I decided to make an accordion-folded book with the photographs on one side. Using hand-set lead type (Greeting Monotone font) I identified each relative. Here are some sample spreads...
|Capt. A.M. and Mary Phillips||Minerva Hemingway Byron||Edward Adelbert Phillips|
|Benjamin King||unknown relative||unknown relative|
On the other side are two letters that my father collected while doing his genealogical research. One is a letter from my great-great grandfather Gideon Ellis to my grandfather Ben Phillips and his cousin Mort. Written in 1898 the letter captures the exuberance and optimism of the times, and the sense of humor that was so valued on the Phillips/Ellis side of my family. The letter begins...
Big Mining Deal
Gideon Ellis, who is at present at Colorado Springs, Colo. is trying to interest his two grandsons, Ben Phillips and Mort Dunlap, aged two and five years, respectively, in a big deal at Cripple Creek and writes the following to Ben, who has already made several successful land deals.
The letter concludes...
Take the 7:30 train to Delmar, board the Colorado Special and you will be here the next day. I will be at the depot, but you must not recognize me, as the police are on! We will go to Cripple Creek in a private conveyance and let the old folks at home whistle. Bring “Cooney” and “Sport,” also a good big Winchester, skinning knives, picks, drills, dirk knives, lots of tobacco, pipes, quinine, Dover’s powders, and a few flasks of old peach brandy stuck down in your overcoat pockets would serve as ballast and might add materially to the gravity of the occasion. Put on your best togs, get heavy-soled, long-legged boots and each a light-colored stovepipe hat. People here may think that Dewey and Samson have come.
Yours in Secrecy
The first spread of the 1898 letter from my great-great grandfather to my grandfather. I used instant coffee to age the paper. The font is Emily Austin from Three Islands Press. (Click here for the complete transcript of the letter.)
I used advertising and catalog covers from 1898 to capture the exhuberance of that period.
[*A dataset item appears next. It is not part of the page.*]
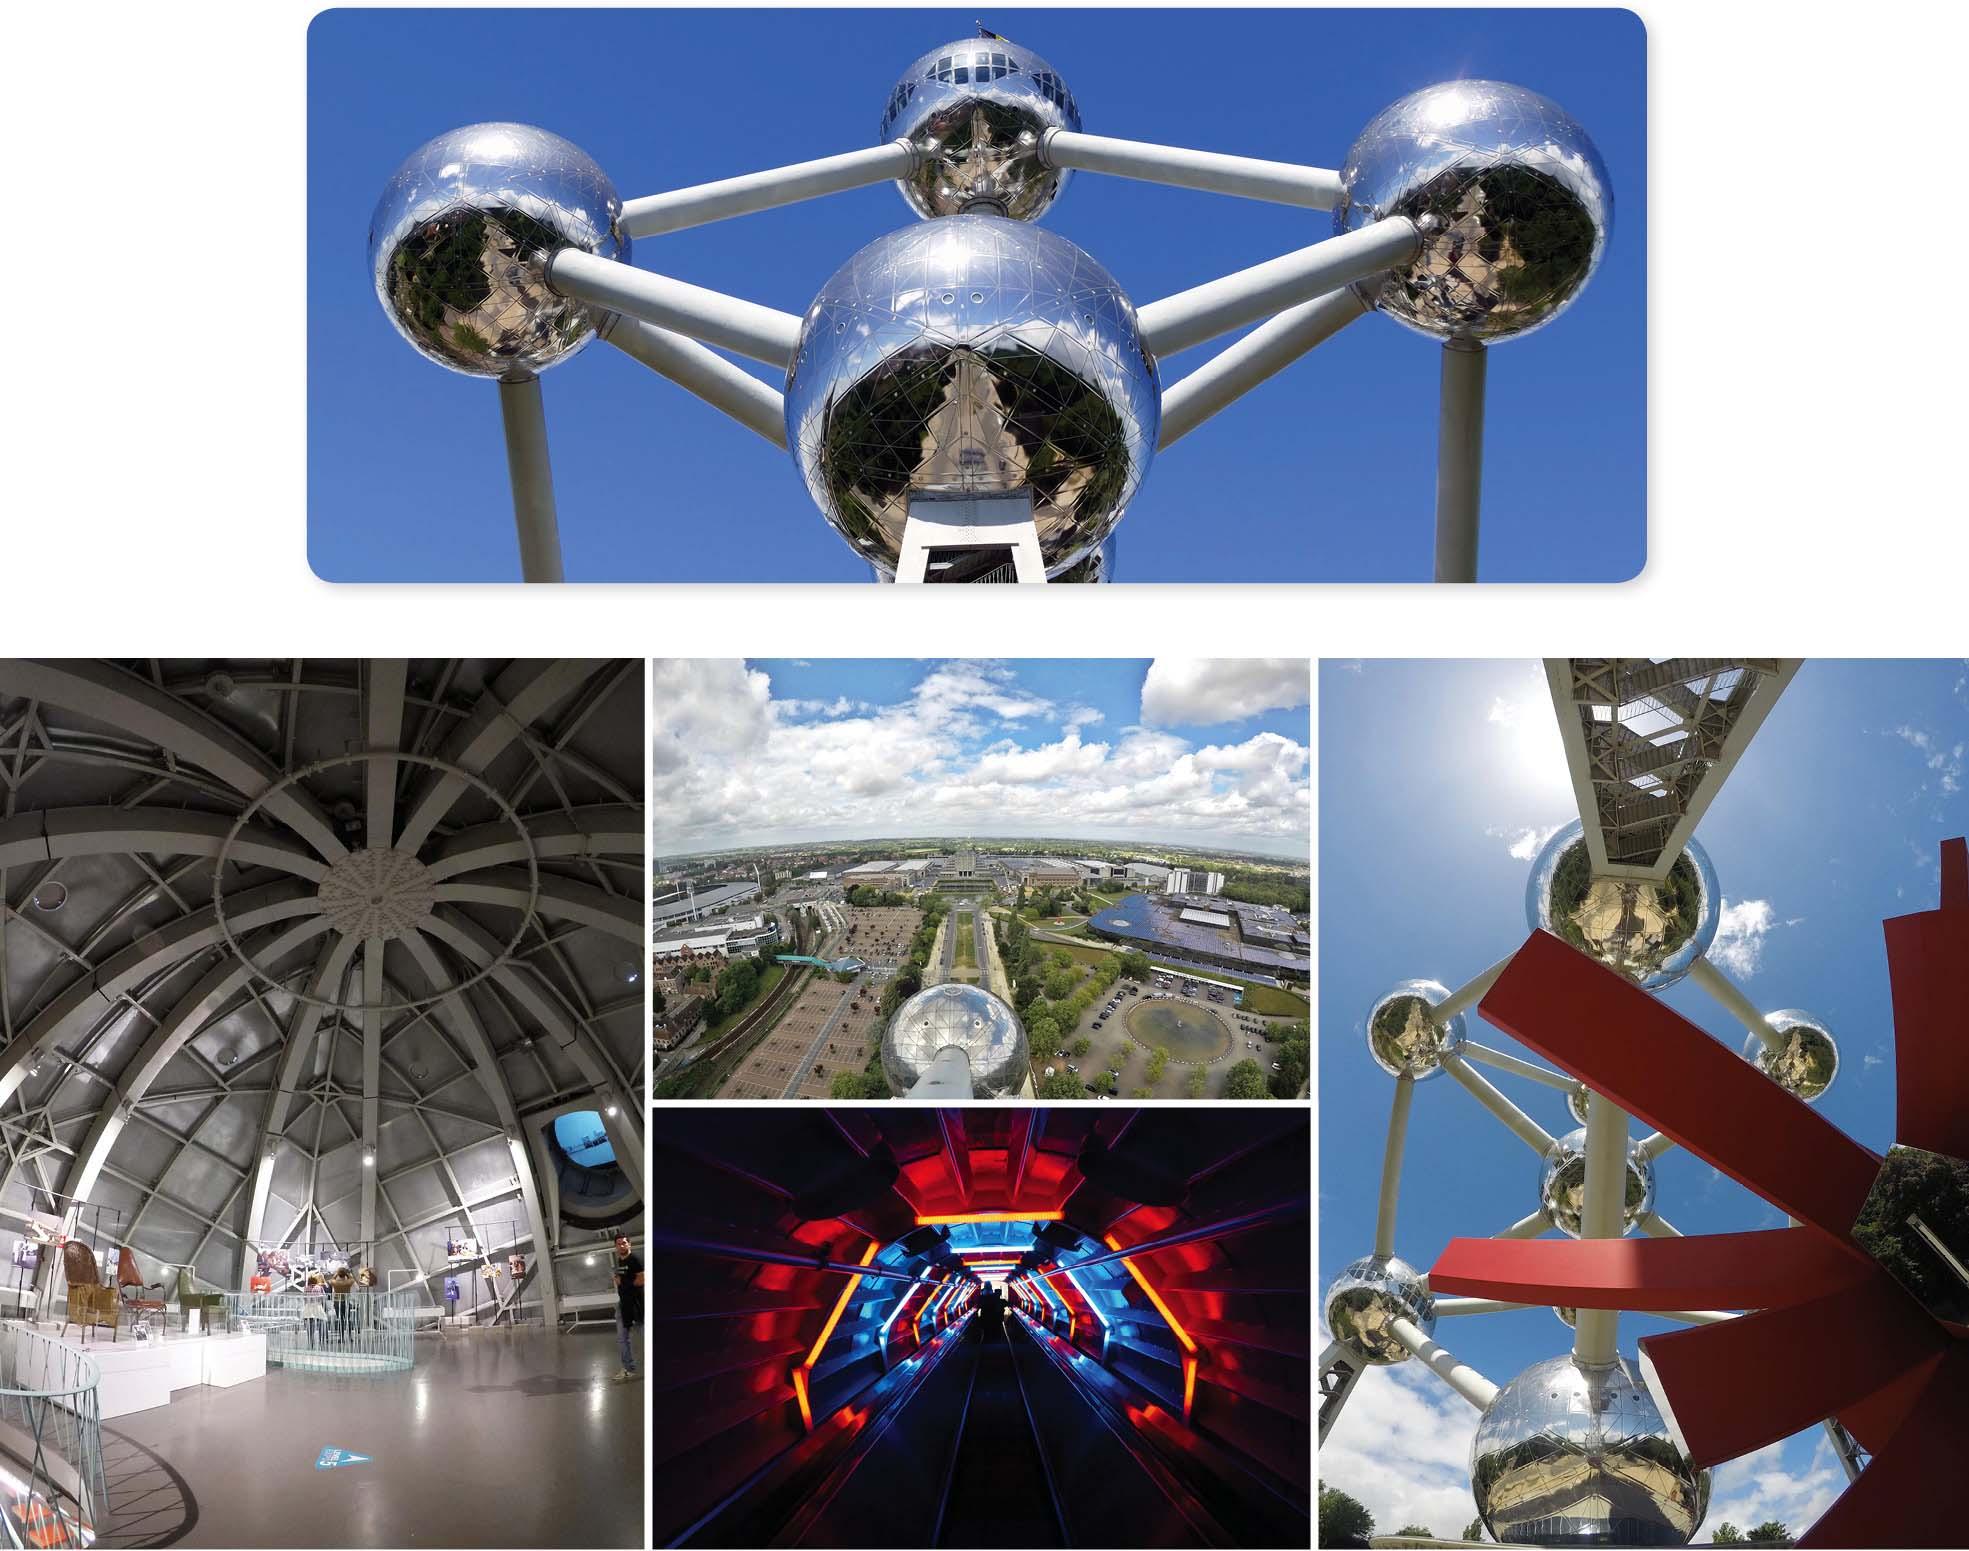 Bruxelles, europe, Belgique, Atomium, boules, musée, ville, attraction

The 1898 letter represents joy, happiness, prosperity and contentment. I also wanted to capture the opposite suite of emotions in this family tribute: sadness, dispair, loneliness. To do this I used a letter written in 1862 by Jacob Ellis to his brother Gideon (my great-great uncle and great-great grandfather respectively). Jacob had enlisted in the Civil War August 5, 1862 in Company K, 24th Inf. Reg. from Jones County Iowa. He was 17 years old at the time and had never been away from home before his enlistment. Here are some excerpts from his letter.
This is a lonesom evening for me...I've been looking at the moon thinking while viewing its golden color that the eyes of those who I think so much of were viewing the same. Nothing looks as good as home...Gid when I think of the chance I stand to never get back I tell you it brings no very plesant thoughts over me ...
Jacob died of Typhoid fever in a camp in Helena, Arkansas a year later, never having returned to his beloved family in Iowa again. He was only 18 years old.
I used advertisements, maps, political cartoons and other graphics from Harper's Weekly to accompany the 1862 letter. Harper's Weekly was the most widely read journal in the United States throughout the period of the Civil War.
I used hand-marbled paper from Claire Guillot in France for the endpapers. I used natural cork for the book case and slipcover. The completed book...
I was surprisingly immersed in the mid- to late-1800s while doing this project, so much so that I actually found it difficult to finish the book and have to say good-bye to these relatives I'd learned to admire.